Pre-retrieval, well, we just did a little bit to clean up the query that was going in, because they're quite messy, right? They could ask just about anything under the sun. So we're cleaning that up a little bit.

But the crucial bits are I got five people that I've worked with for the last 15 years to play the simulation and to write down all of the choices that they made and why they made those choices. We then labeled those as expert strategies.

from my last little minute or two, I'll show you a little bit of, and I was warned about the wifi maybe dropping out on me. So I've done some in advance, but I can ask this a few more questions anyway.

So here, if I say, how can I select good keywords? It's able to say, well, choose keywords with high search volume, low competition, relevant, and with a reasonable cost per click. These are all of the metrics in here.
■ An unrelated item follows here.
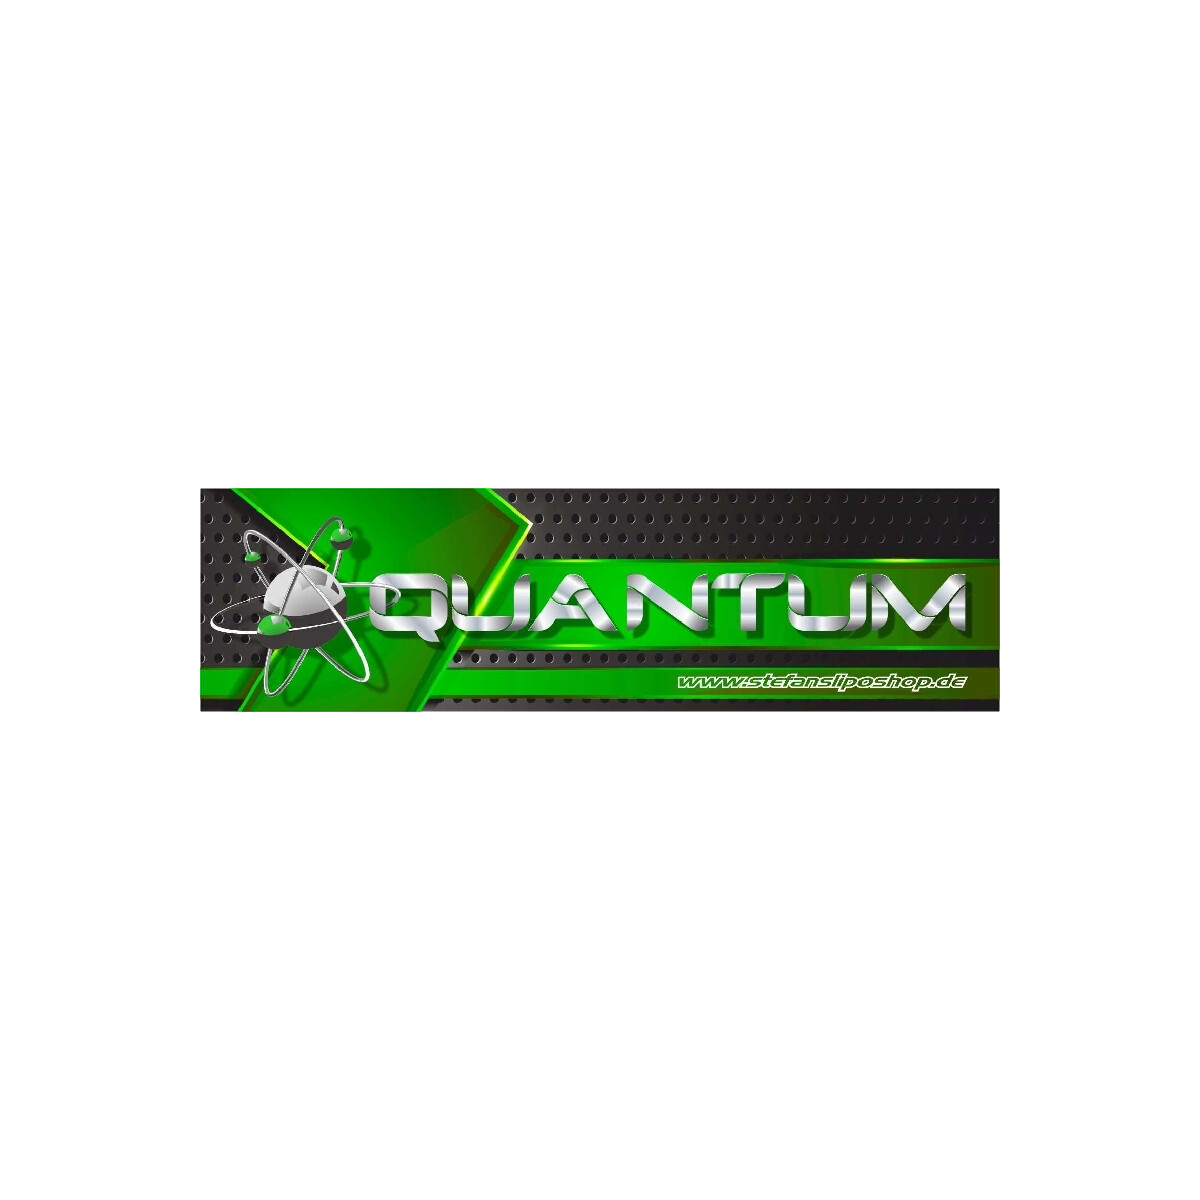 SLS Quantum 500mAh 3S1P 11,1V 30C/60C

It cannot mention anything that goes outside of that. And we have to be pretty strict about those things too.

So if I say, how can I interpret cost per click? It will be very succinct about it. If I ask it cost per click for trench coat is 299, what should I bid? It will say, okay, consider bidding slightly higher than the average and give me some contextual feedback.

If I come into this one, cause I think I have this set up. Hopefully this will give me the new version of the ad analyzer. This should give me very direct feedback and should tell me to move forward.

If my ad is good enough, my ad is on purpose, not good enough. So it's very specific. Your headline is not specific enough. I recommend changing it too. And it has to tell them what it should be changed to.

It explains why, which is of course useful, but that seems to be what the students were craving. So all of this change in here has resulted in an experience that is more succinct, much more relevant, much more contextual. And we also give feedback in the results to the user now, which we didn't do before, because I didn't think they would be that interested, to be completely honest.

Conclusion and Future Directions

So to summarize, I'm bang on time, unbelievably.

Yeah, Gen AI can be way too generic. We all know that. I actually thought that was a strength.

I thought I'll just feed in a whole load of documents and then it'll broadly know about digital marketing and it'll say relevant things. I kind of imagined not how I would have used it. I imagined how the ideal me would have used it 15 years ago, which isn't a great place to start.

Users put a lot of faith in AI co-pilots. But they really, really believe these co-pilots. They depend on it.

The study that we're running with one university in the US is to find out how this kind of learning facilitates lots of different styles of progress. So I mentioned that they play it 34 times, but if you look at the scores, you can see there's a lot about risk-taking behavior you can see within it.

Some progress really slowly over time. Some are really up and down all over the place. So just giving them access to the AI on their own terms seems to be working out really well.

And they crave contextual in the moment feedback. In fact, something else that we've learned is that they want it in their everyday work. They don't just want it in a simulation.

So I would say watch this space. The next product from Novella will be enterprise ready, shall we say.

That is just about it for me. Thank you very much.